* Records provided
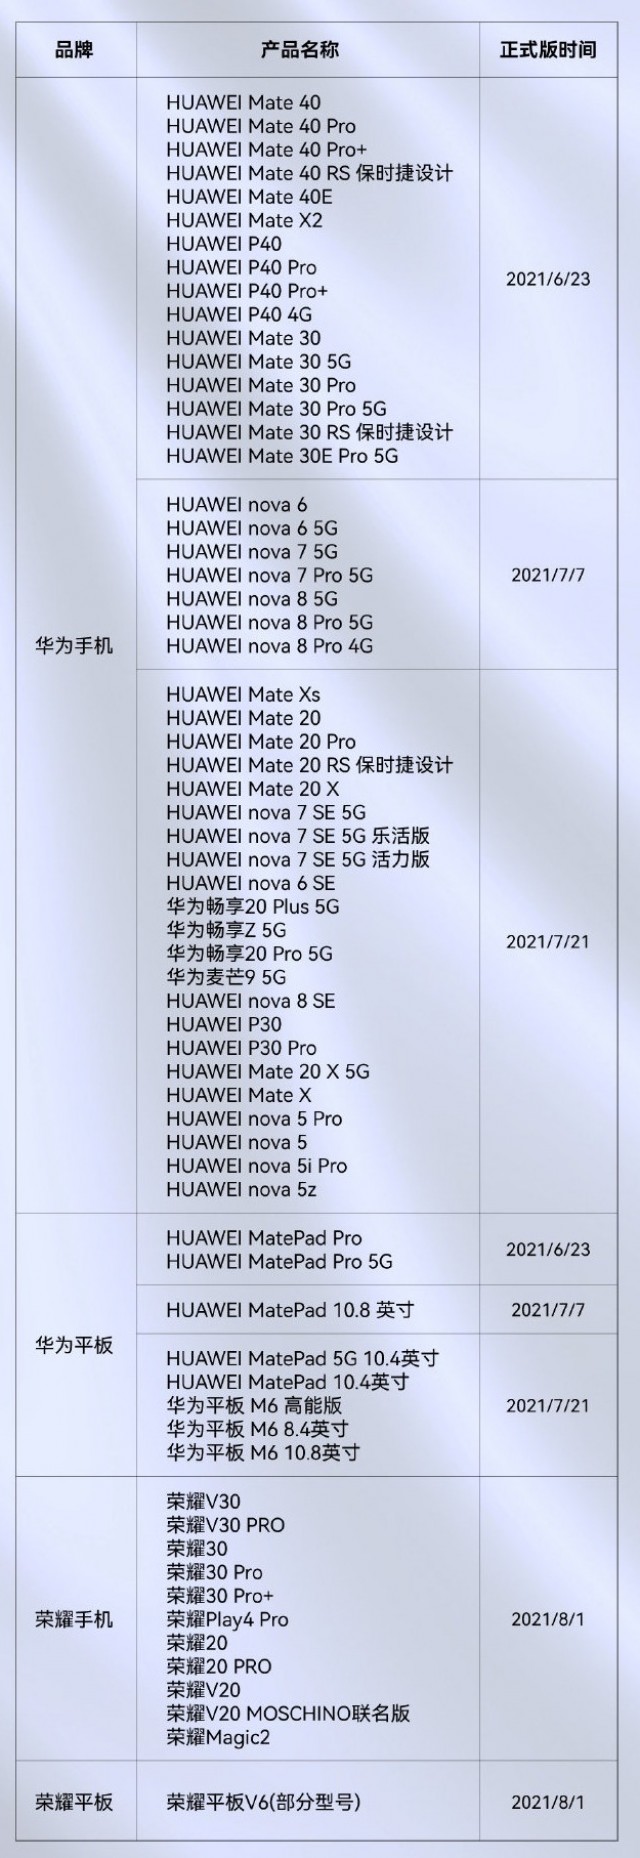 يتوفر HarmonyOS المستقر الآن لـ 65 جهاز من أجهزة Honor و Huawei
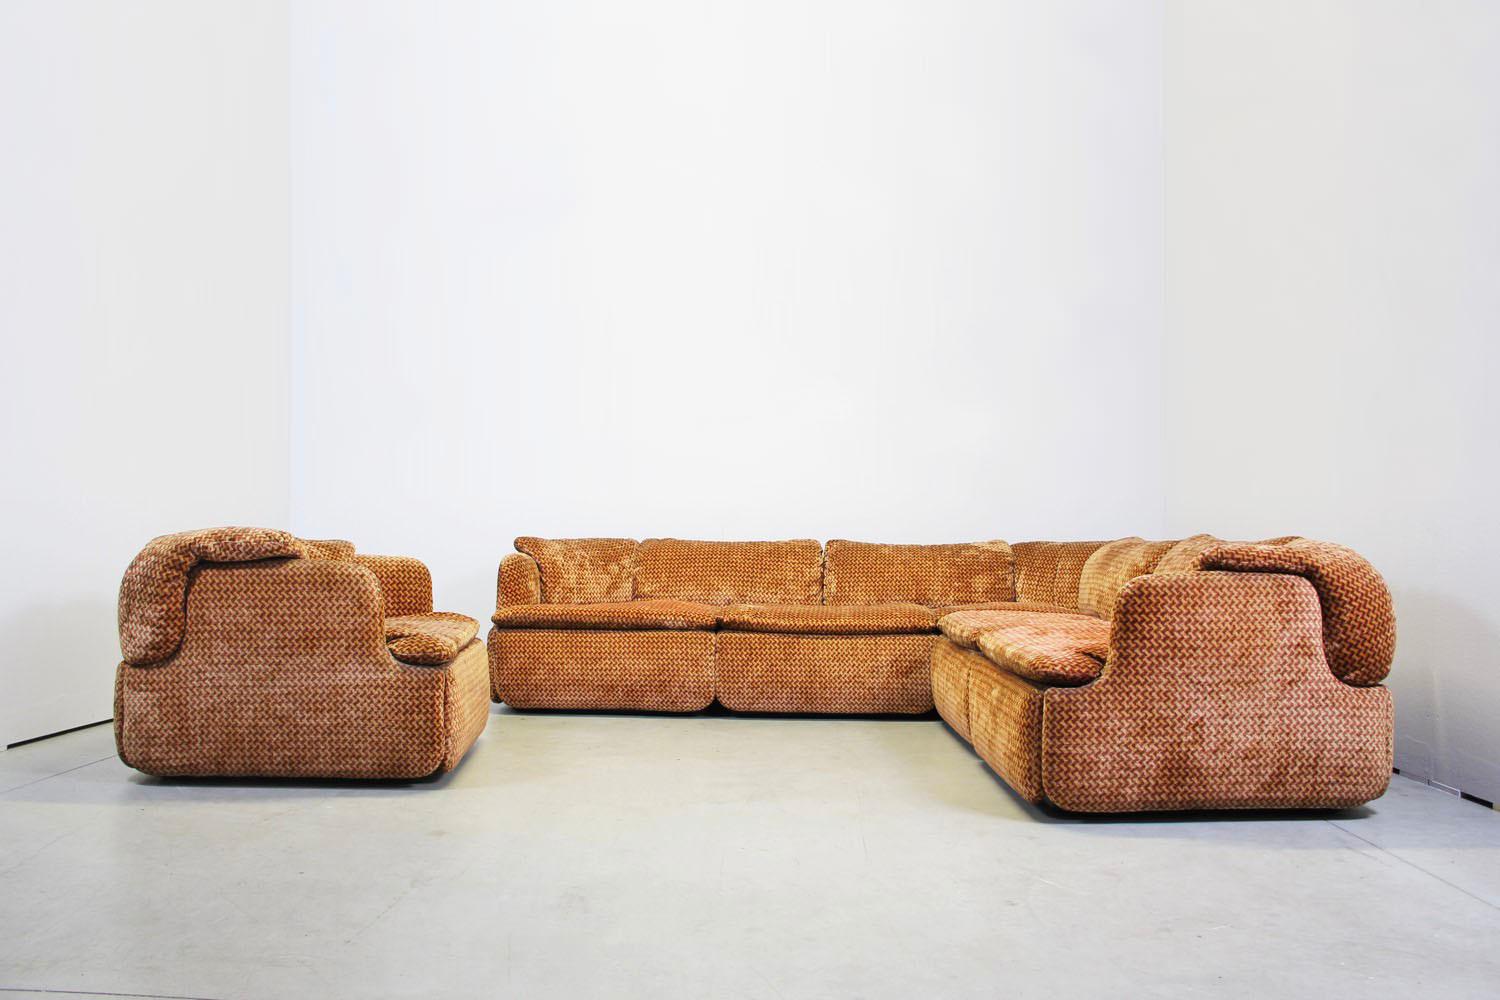 Dieses Sofa ist aus der Manufaktur Saporiti Italia und hat einen rot-orangen Stoff. 
Das Sofa besteht aus 2 Modulen und auch 1 Sessel ist enthalten. 
Guter Zustand

Abmessungen: Sofa
Breite 240 cm
Tiefe 240 cm
Tiefe 85 cm
Höhe 69 cm
Sitzhöhe 40
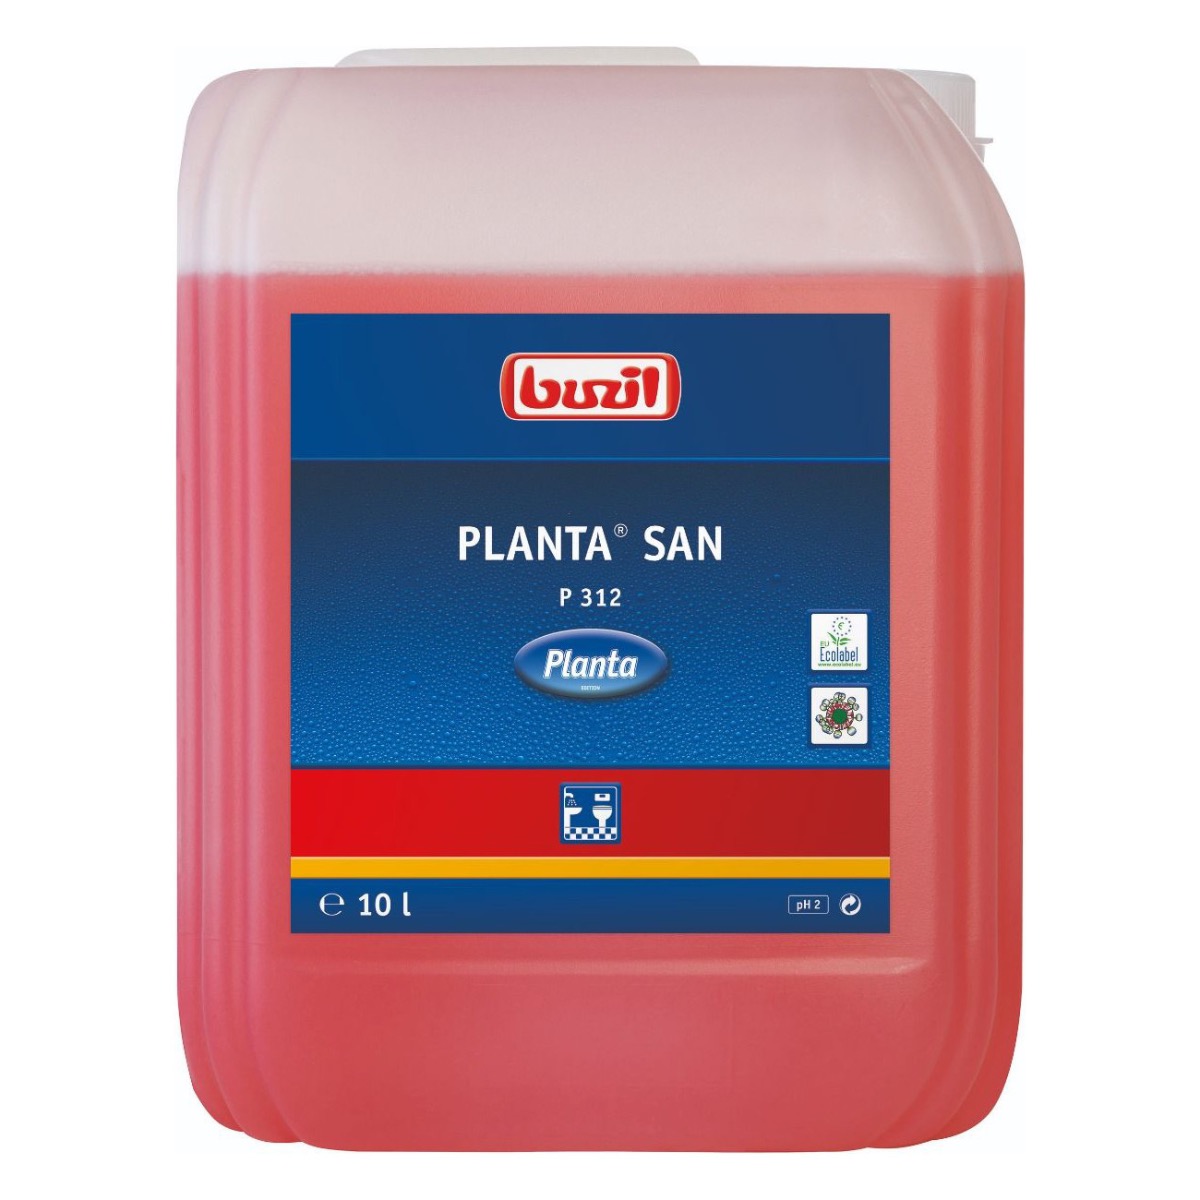 Billede af Buzil Planta San P 312 sanitetsrengøringsmiddel, 10 L
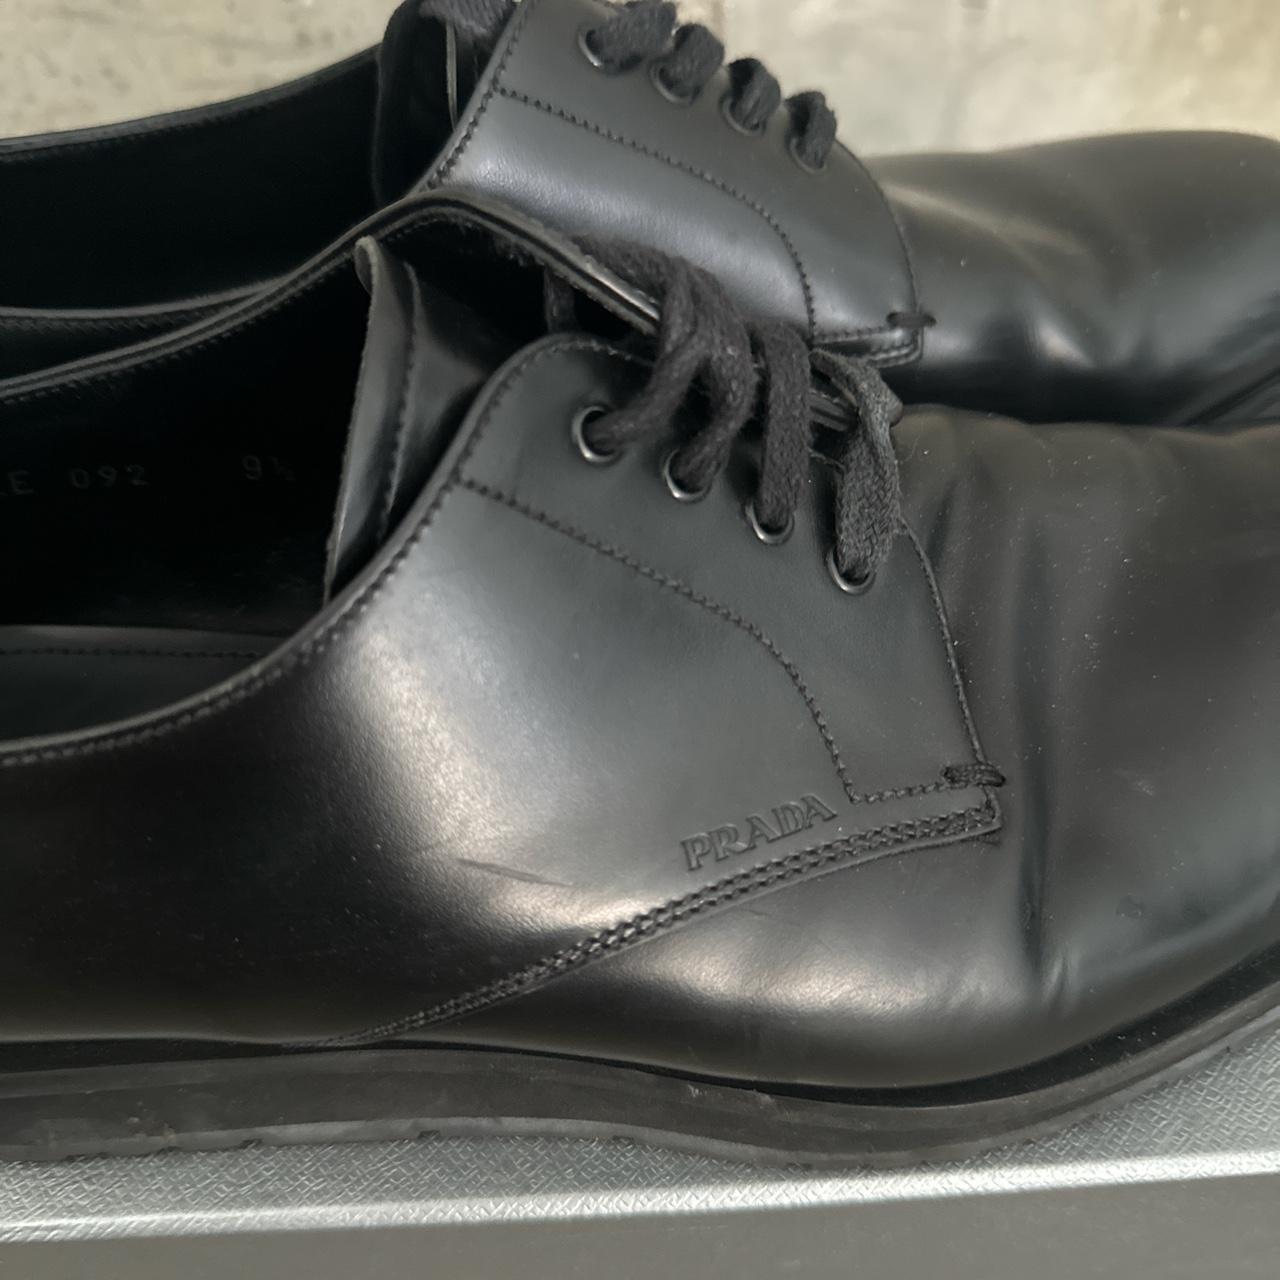 Prada black leather dress shoe sz 9 With box - Depop

* Work request
Copy exactly the lines that begin at the one containing "Tiefe 240 cm" and end at the last line of the records, both included, omitting the pictures.

* Output for this exercise
Tiefe 240 cm
Tiefe 85 cm
Höhe 69 cm
Sitzhöhe 40
 Billede af Buzil Planta San P 312 sanitetsrengøringsmiddel, 10 L
 Prada black leather dress shoe sz 9 With box - Depop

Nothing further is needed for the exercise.